Application of Electrothermic Coating in Multi-Layer Composite

[0091] In embodiments, the electrothermic composition is applied as a coating using wet-coating processes such as dip coating, spray coating and bar coating. The electrothermic coating is flexible and pliable, allowing it to suit different shapes using different mediums, including rotomold molds 500 as illustrated in FIG. 5. In embodiments, solvent is used when preparing the electrothermic composition to provide a medium for dissolution or dispersion of the components. The solvent evaporates as the electrothermic composition dries and cures, such that the resulting electrothermic composition coating may contain little to no solvent. While the binders of the electrothermic composition dissolve into a solvent, the silver nanoparticles, nanoflakes and nanowires are suspended in the solvent. As a result, the electrothermic composition may require agitation proximately prior to application. It was found that ultrasonic agitation is suitable for this purpose, making the electrothermic composition appropriate for application. It was found that the electrothermic composition applied in this manner may result in the application of layers of substantially uniform thickness. In embodiments, the solvent may comprise toluene or xylene. In embodiments, less than 5% by weight of ethanol may be used as a co-solvent.

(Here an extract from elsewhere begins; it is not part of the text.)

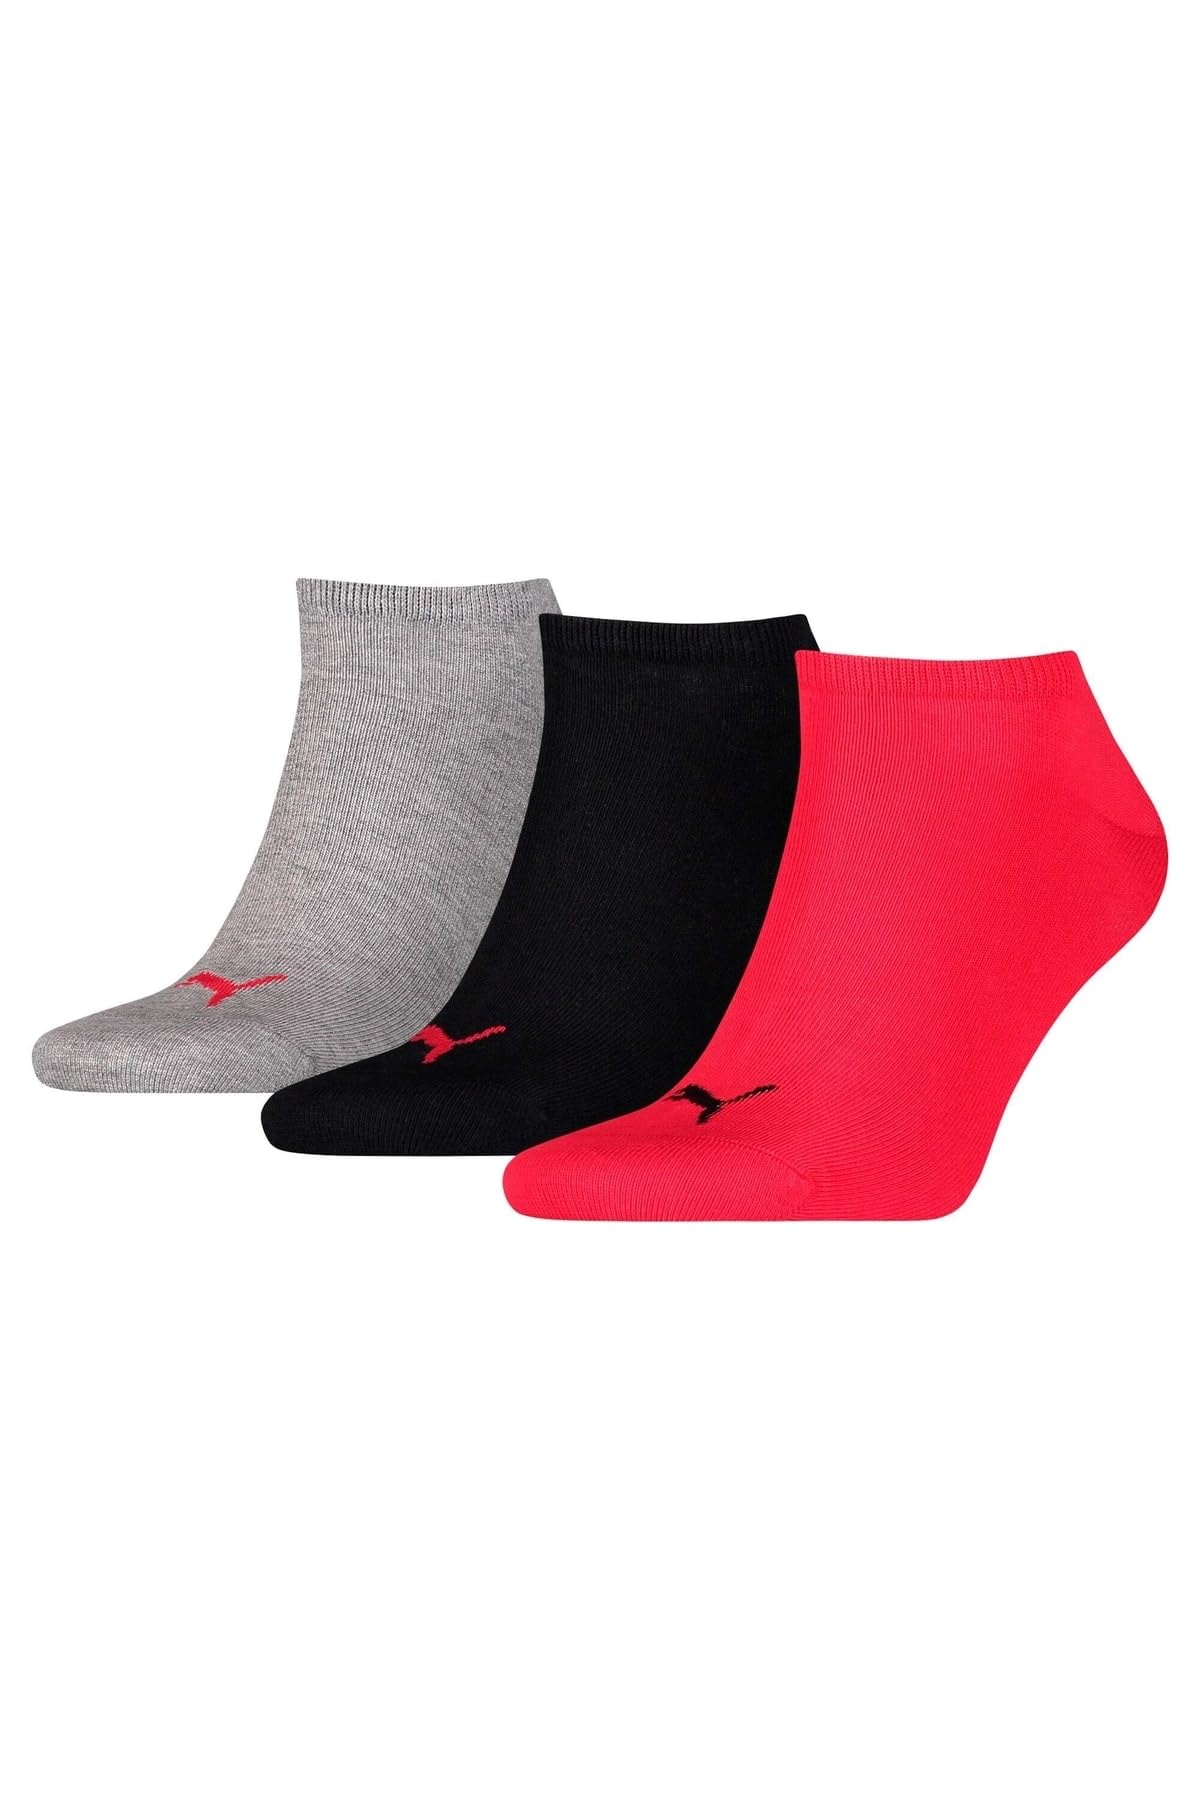 PUMA 9 Paar Sneaker Invisible Socken Gr. 35-49 Unisex für Damen Herren Füßlinge, Farbe:232 - black/red, Socken & Strümpfe:39-42

[0092] Some observations were made respecting carbon-based components in the electrothermic composition. It was found that carbon nanofibers tend to clog spray nozzles and make the surface of the electrothermic composition rough upon application. It was further found that using carbon black makes the electrothermic composition flow better when mixed in as a binder.

Heat Generating Panels

[0093] Referring to FIG. 6, in an embodiment, a panel 600 is provided comprises the electrothermic composite material as described above. The panel 600 comprises an insulating layer 602 comprising a layer of electrically insulating material as described above. An electrothermic layer 604, comprising the electrothermic composition as described above, is applied on top of the insulating layer 602. Electrodes, comprising an anode 606 and a cathode 608, are located on the electrothermic layer 604. The anode 606 and the cathode 608 are in specific patterns depending on the layout of the geometry of the electrothermic layer 604. In embodiments, the electrodes are arranged to provide as close to uniform resistance across the entire electrothermic layer 604 as possible between anode 606 and cathodes 608. Where a resistance differential exists, more current will tend to flow through those paths with less resistance. The resulting current flow differential across the electrothermic layer 604 is undesirable for a number of reasons. First, a thermal differential may exist resulting in uneven heating. Second, those paths with more current flow will tend to deteriorate faster. A conductive layer where the anode 606 and the cathode 608 are arranged such that there is near uniform resistance facilitates near equal, substantially simultaneous transmission of current across the entire associated electrothermic layer 604.

[0094] For illustration, FIGS. 7A and 7B show different arrangements of an electrothermic composition applied to a square panel. Referring to FIG. 7A, a square panel 700 comprises material forming an insulating layer. A layer of electrothermic composition 702 is applied to the square panel 700. An electrode designated as an anode 704 is placed on one corner of the square. An electrode designated as a cathode 706 is placed on an opposite corner from the anode 704. In this arrangement, current will flow unevenly with more current flow diagonally in a line between the electrodes.

[0095] Alternatively, referring to FIG. 7B, for a square panel 750 with a layer of electrothermic composition 752 applied thereto, a first electrode strip 754 is placed on a first edge of the panel 750 and a second electrode stripe 756 is placed on a second edge opposite the first edge. This arrangement may result in even current flow between the electrodes.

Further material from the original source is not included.